The 64-bit block b-tree branch node entry
Offset | Size | Description |
---|---|---|
0 | 8 | The identifier of the first child node. 32-bit integer. |
16 | 8 | The file offset, points to a block b-tree branch or leaf node entry. |
The 64-bit block b-tree leaf node entry
Offset | Size | Description |
---|---|---|
0 | 8 | The identifier. 32-bit integer. |
8 | 8 | The file offset, points to a Heap-on-Node. |
16 | 2 | The size of the Heap-on-Node (or the local descriptors). |
The 64-bit node b-tree leaf node entry
Offset | Size | Description |
---|---|---|
0 | 8 | The identifier. 32-bit integer. |
8 | 8 | The node identifier of the data. This node identifier is found in the block b-tree. |
16 | 8 | The node identifier of the local descriptors. This node identifier is found in the block b-tree. |
The 32-bit block b-tree branch node entry
Offset | Size | Description |
---|---|---|
0 | 4 | The identifier of the first child node. 32-bit integer. |
8 | 4 | The file offset, points to a block b-tree branch or leaf node entry. |
The 32-bit block b-tree leaf node entry
Offset | Size | Description |
---|---|---|
0 | 4 | The identifier. 32-bit integer. |
4 | 4 | The file offset, points to a Heap-on-Node. |
8 | 2 | The size of the Heap-on-Node (or the local descriptors). |
The 32-bit node b-tree leaf node entry
Offset | Size | Description |
---|---|---|
0 | 4 | The identifier. 32-bit integer. |
4 | 4 | The node identifier of the data. This node identifier is found in the block b-tree. |
8 | 4 | The node identifier of the local descriptors. This node identifier is found in the block b-tree. |
Identifier
The 32-bit integer (identifier) can be used to search for b-tree nodes.

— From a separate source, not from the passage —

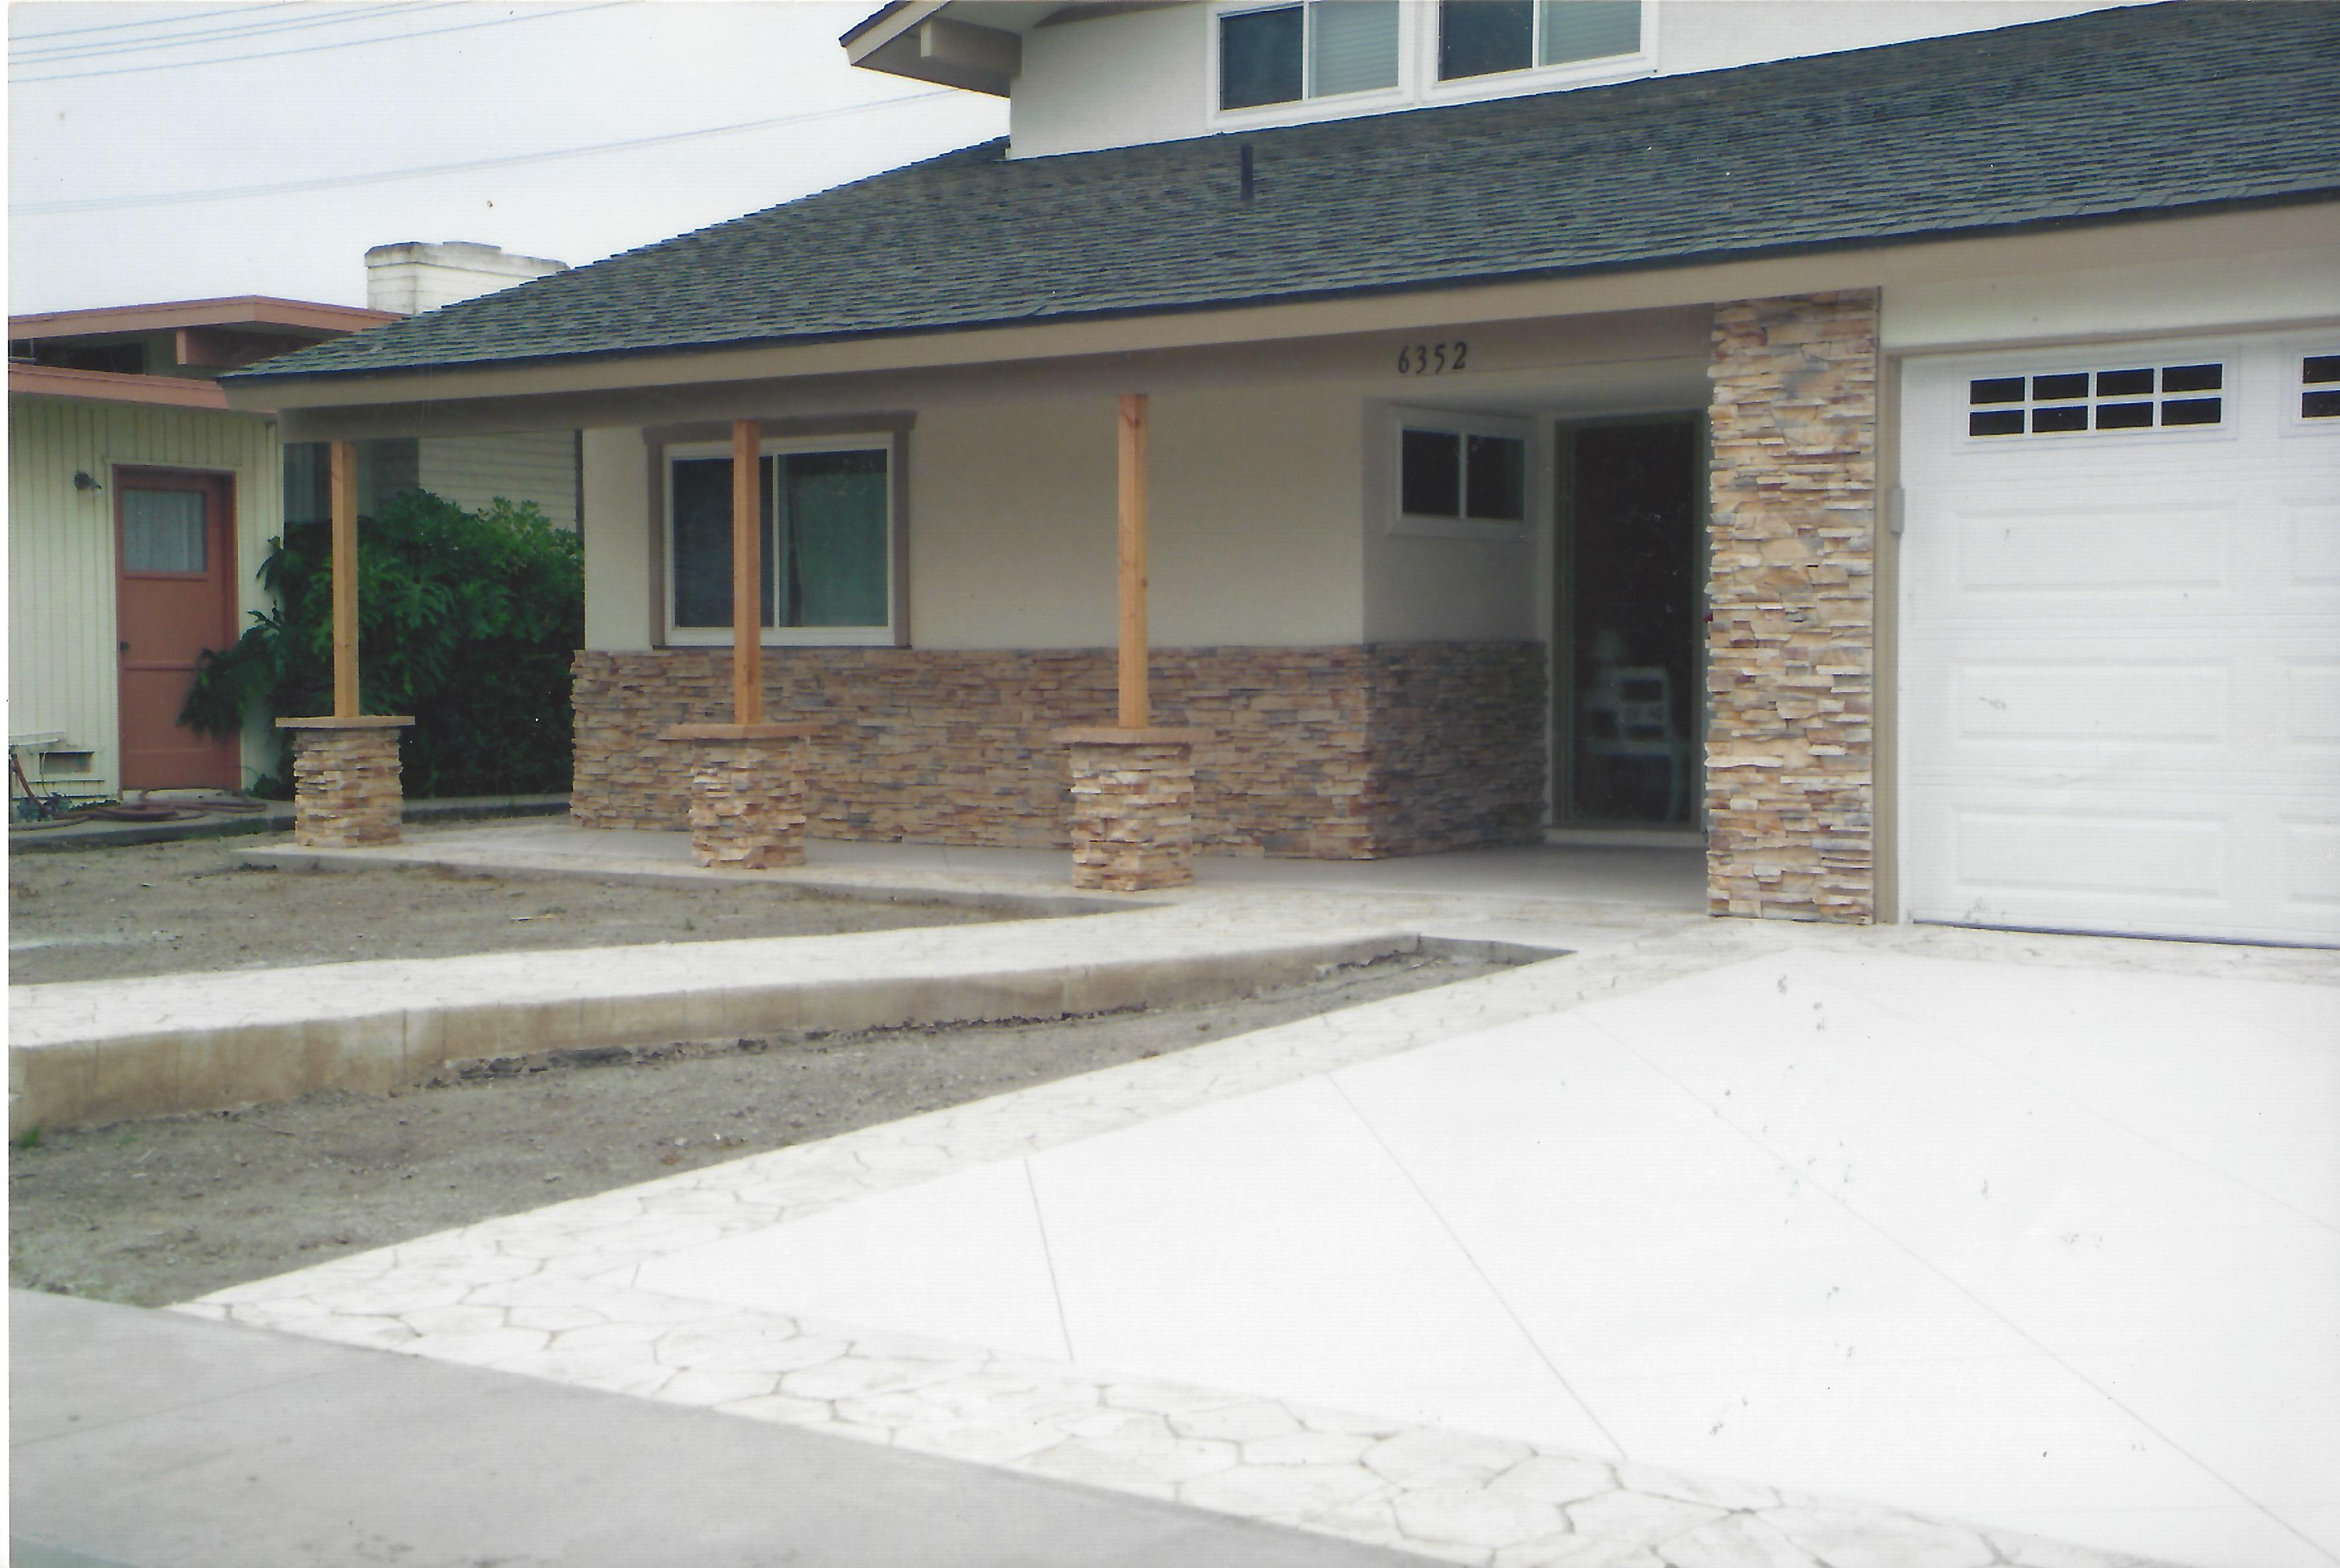 Homefront Uplift

Offset | Size | Description |
---|---|---|
0 | 5 bits | The identifier type. |
Identifier types
Value | Identifier | Description |
---|---|---|
0 | HID | Table value (or heap node) |
1 | INTERNAL | Internal node |
2 | NORMAL_FOLDER | Folder item |
3 | SEARCH_FOLDER | Search folder item |
4 | NORMAL_MESSAGE | Message item |
5 | ATTACHMENT | Attachment item |
6 | SEARCH_UPDATE_QUEUE | Queue of changed search folder items |
7 | SEARCH_CRITERIA_OBJECT | Search folder criteria |
8 | ASSOCIATED_MESSAGE | Associated contents item |
10 | CONTENTS_TABLE_INDEX | Unknown |
11 | RECEIVE_FOLDER_TABLE | Inbox item (or received folder table) |
12 | OUTGOING_QUEUE_TABLE | Outbox item (or outgoing queue table) |
13 | HIERARCHY_TABLE | Sub folders item (or hierarchy table) |
14 | CONTENTS_TABLE | Sub messages items (or contents table) |
15 | ASSOCIATED_CONTENTS_TABLE | Sub associated contents item (or associated contents table) |
16 | SEARCH_CONTENTS_TABLE | Search contents table |
17 | ATTACHMENT_TABLE | Attachments item |
18 | RECIPIENT_TABLE | Recipients items |
19 | SEARCH_TABLE_INDEX | Unknown |
20 | Unknown | |
21 | Unknown | |
22 | Unknown | |
23 | Unknown | |
24 | Unknown | |
31 | LTP | Local descriptor value |
290 | ROOT_FOLDER | The root folder. |
33 | MESSAGE_STORE | Message store. |
Heap-on-Node
If the encryption type was set in the file header, the entire Heap-on-Node is encrypted.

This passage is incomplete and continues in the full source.